TASK STATEMENT :: From the first line to the last, output the data exactly as it stands, minus its pictures.
##### SUPPLIED MATERIAL #####
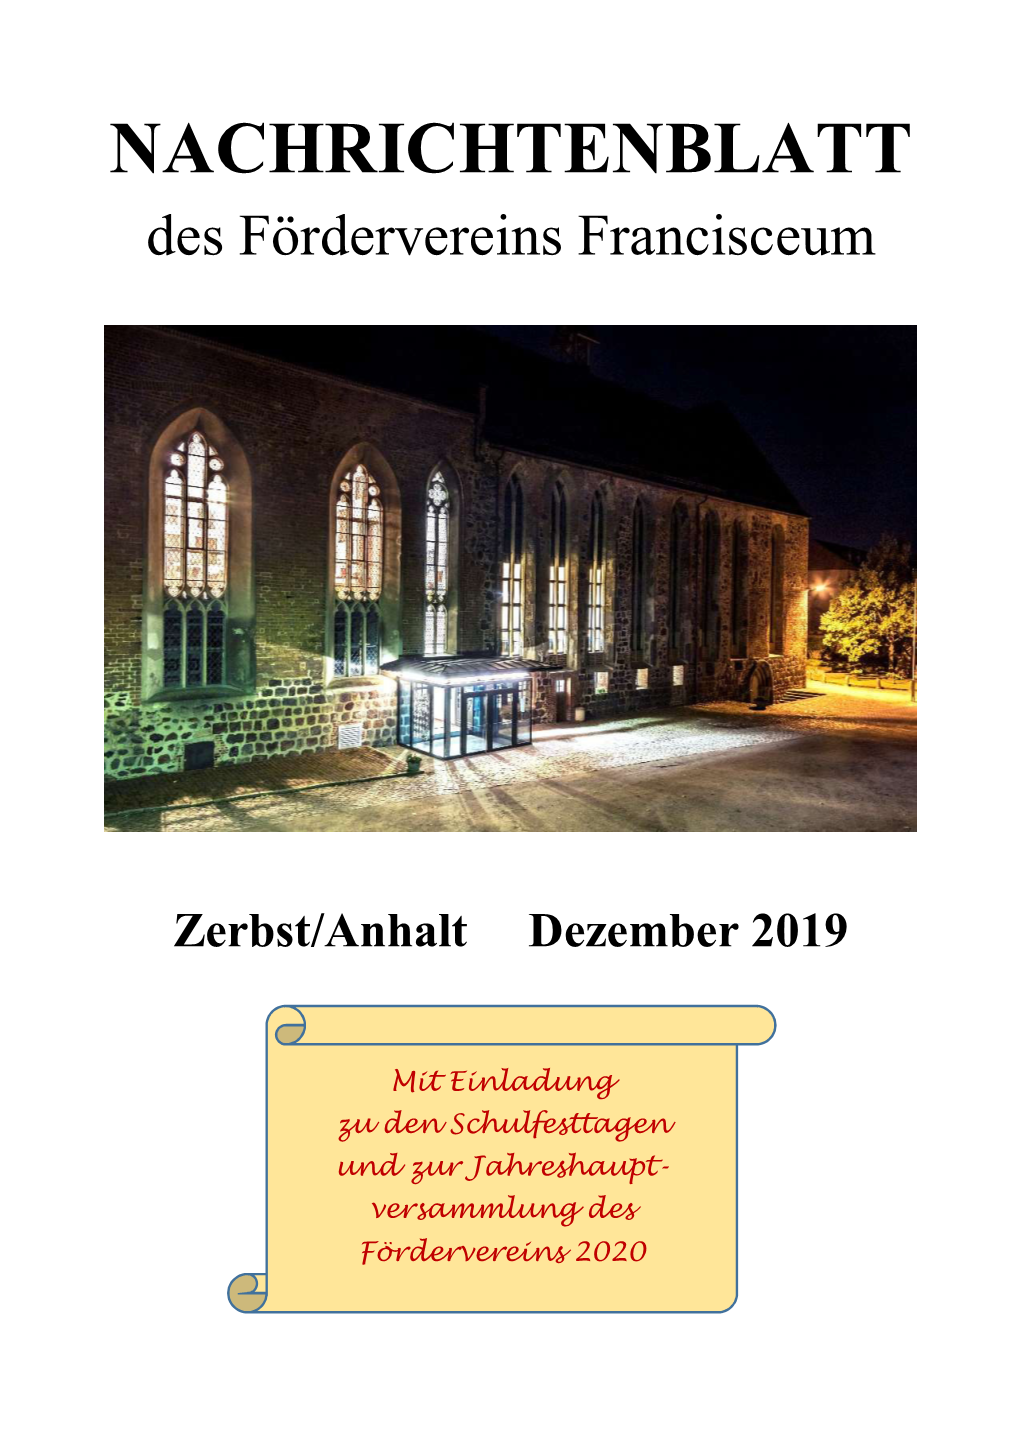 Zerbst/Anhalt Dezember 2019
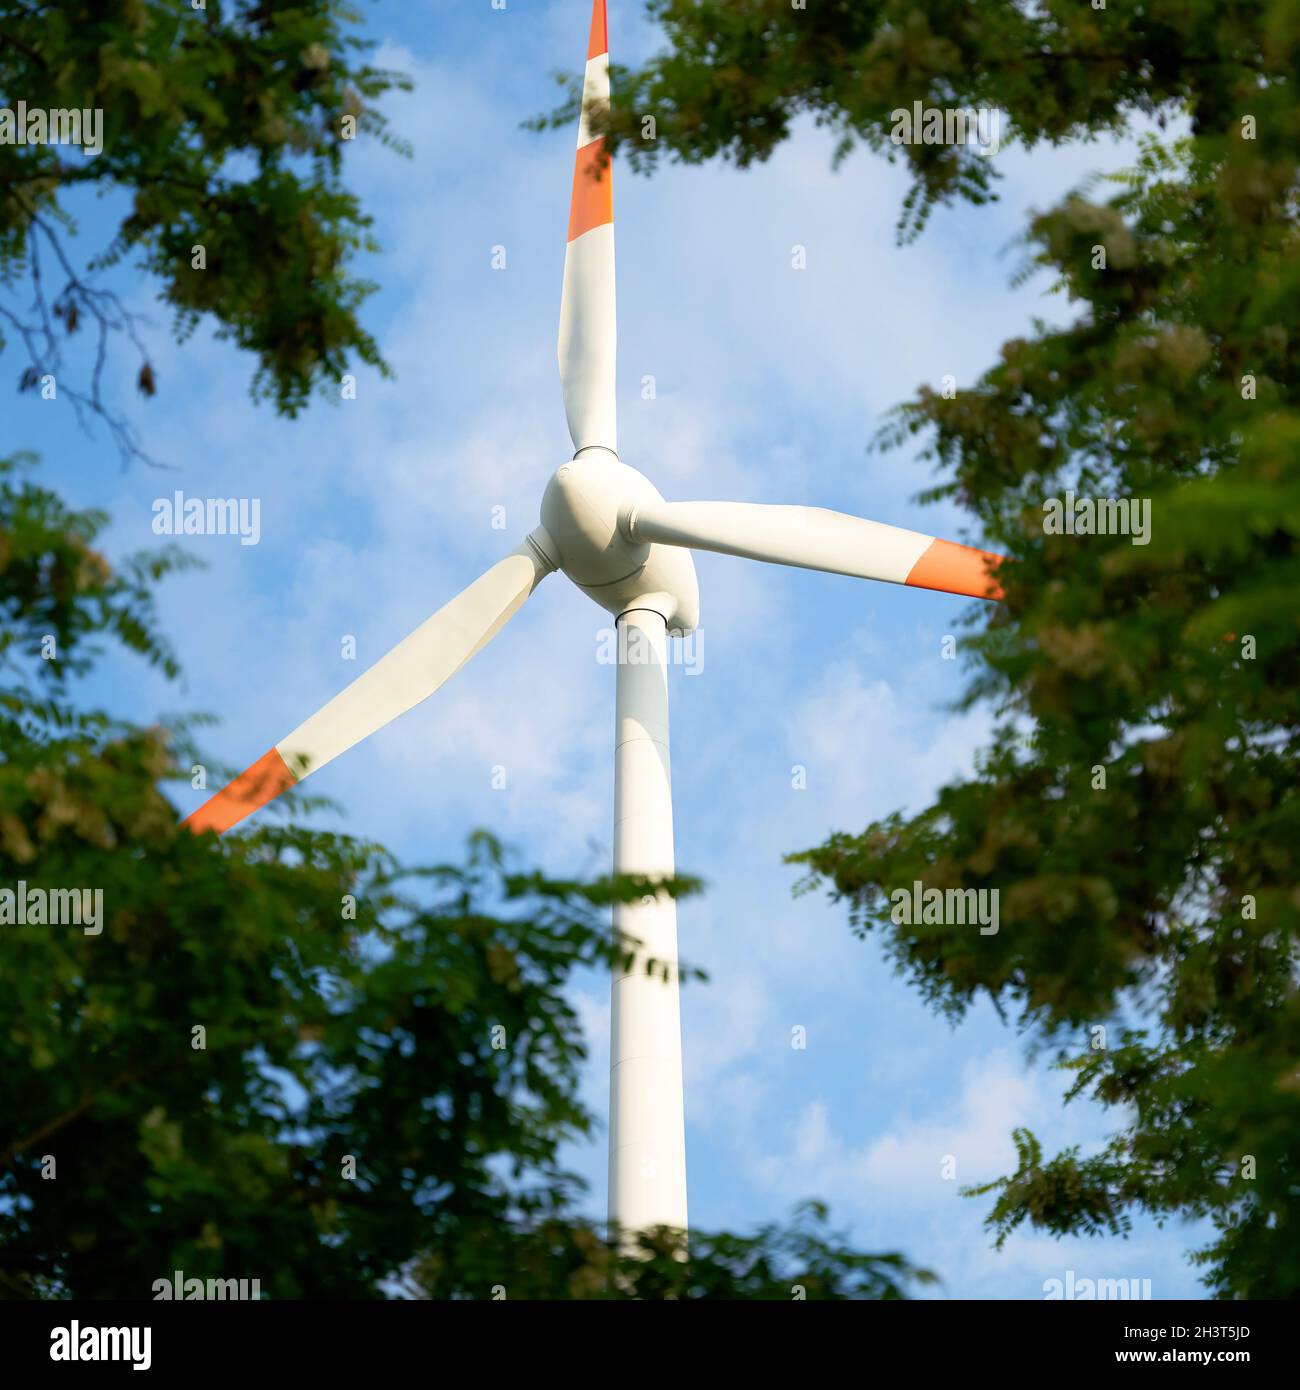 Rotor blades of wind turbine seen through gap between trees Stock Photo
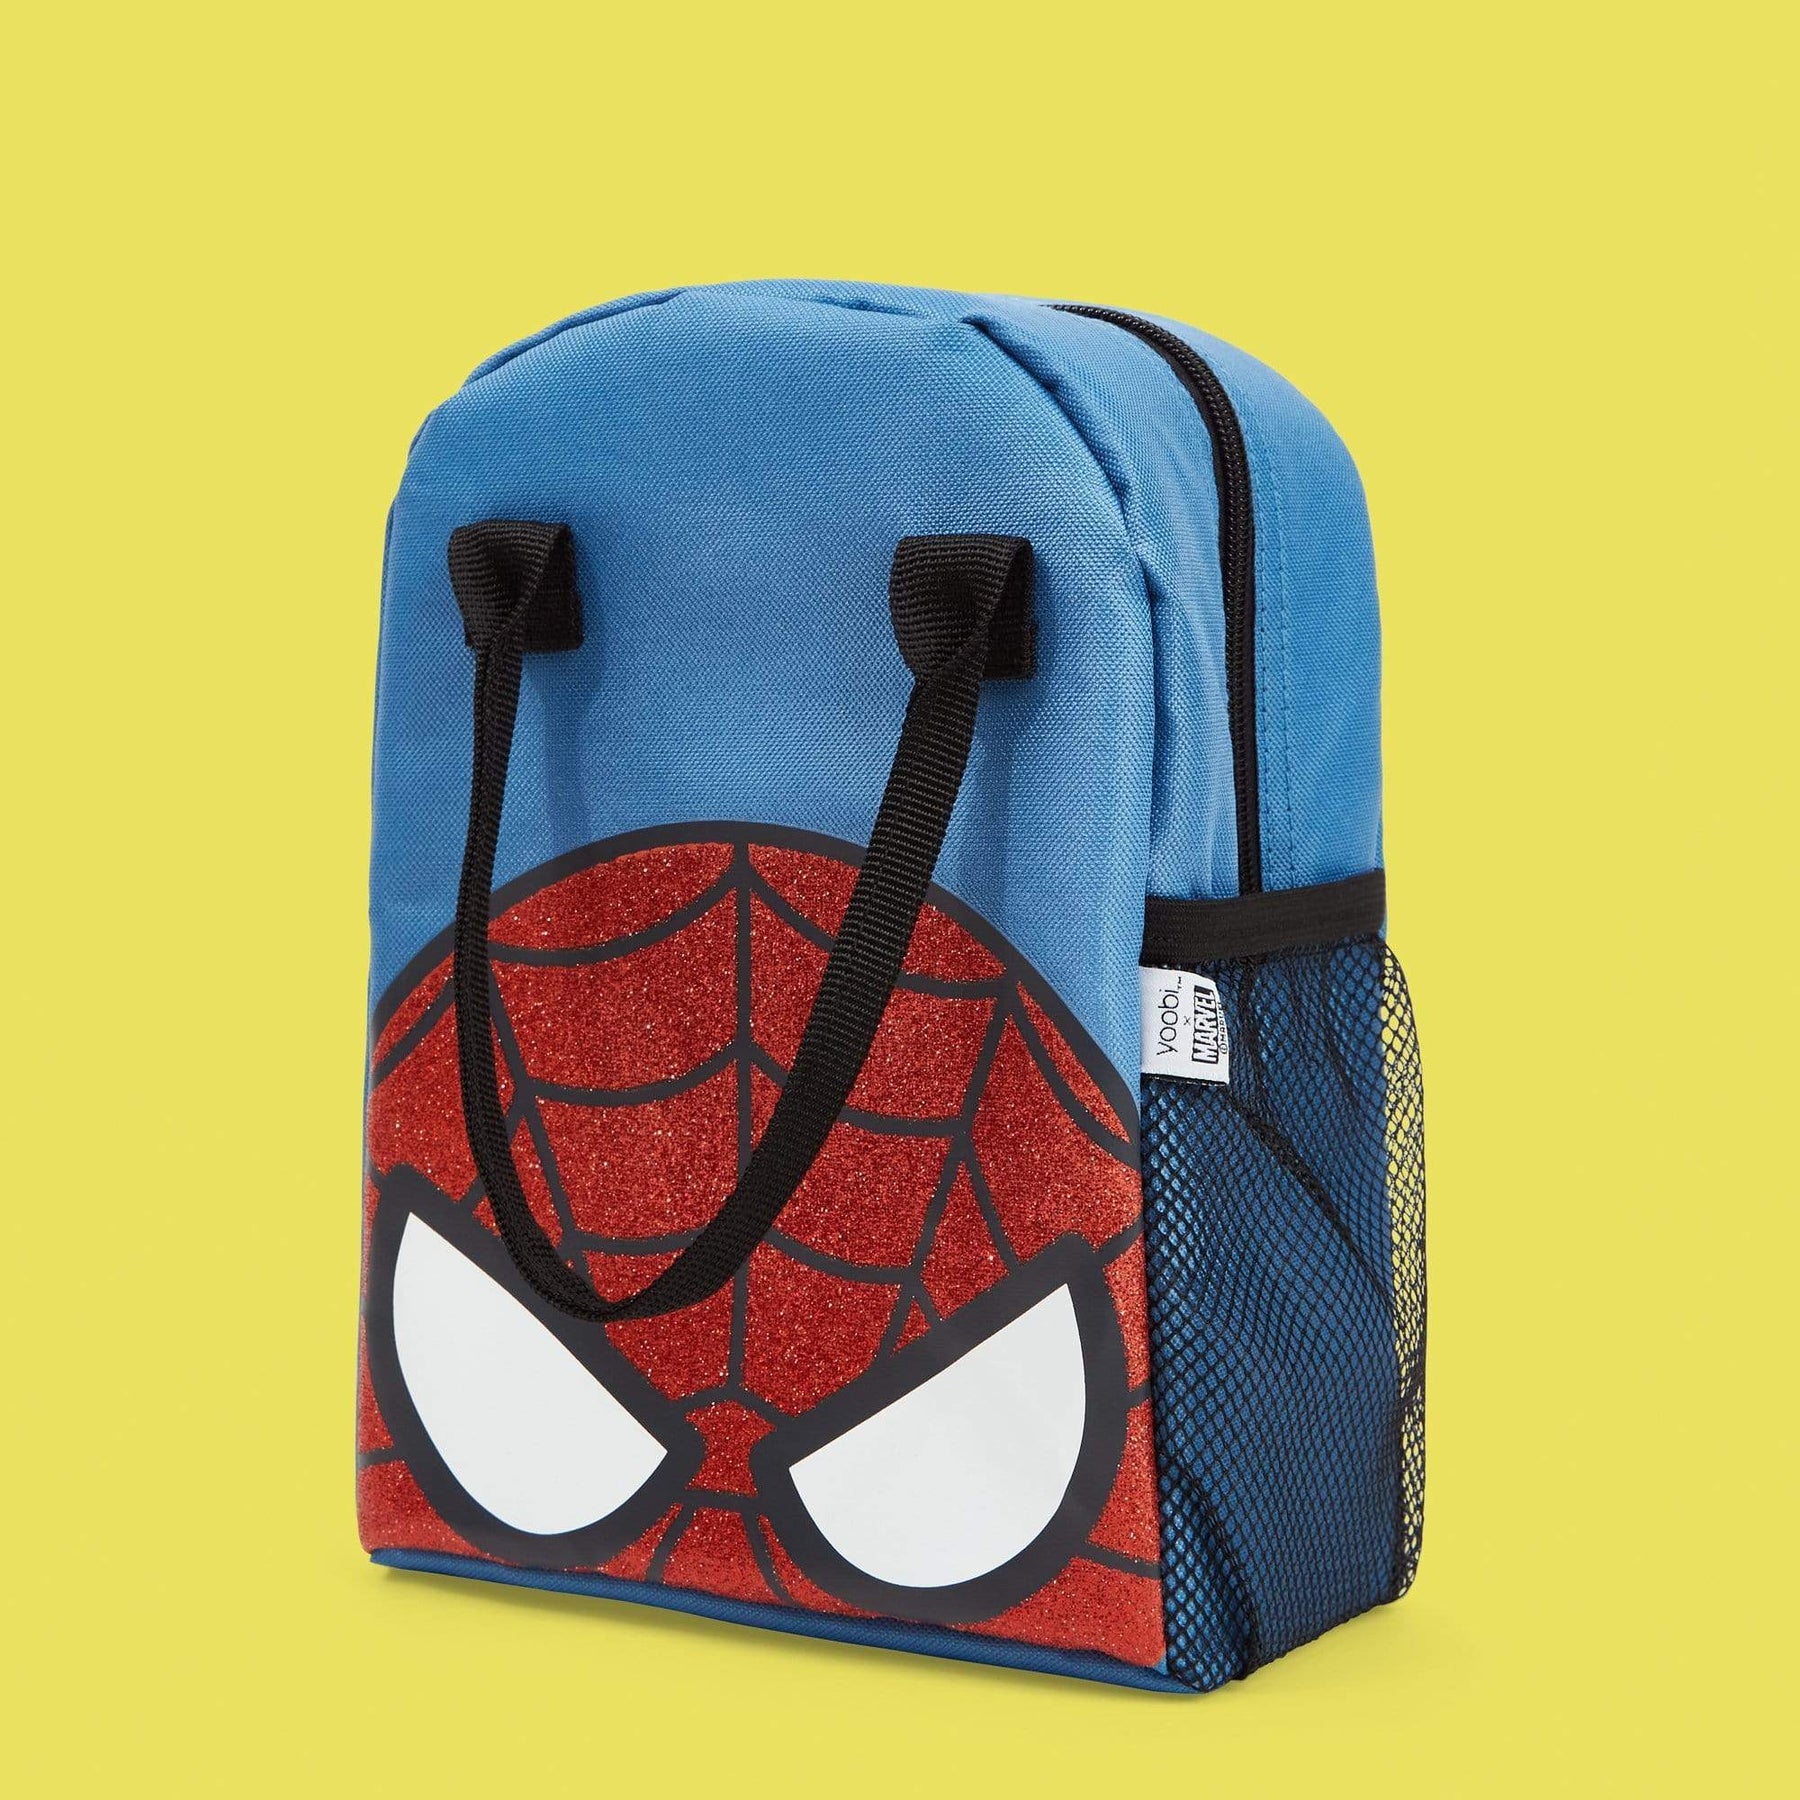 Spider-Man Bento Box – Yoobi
#####
TASK RESULT ::
 Zerbst/Anhalt Dezember 2019
 Rotor blades of wind turbine seen through gap between trees Stock Photo
 Spider-Man Bento Box – Yoobi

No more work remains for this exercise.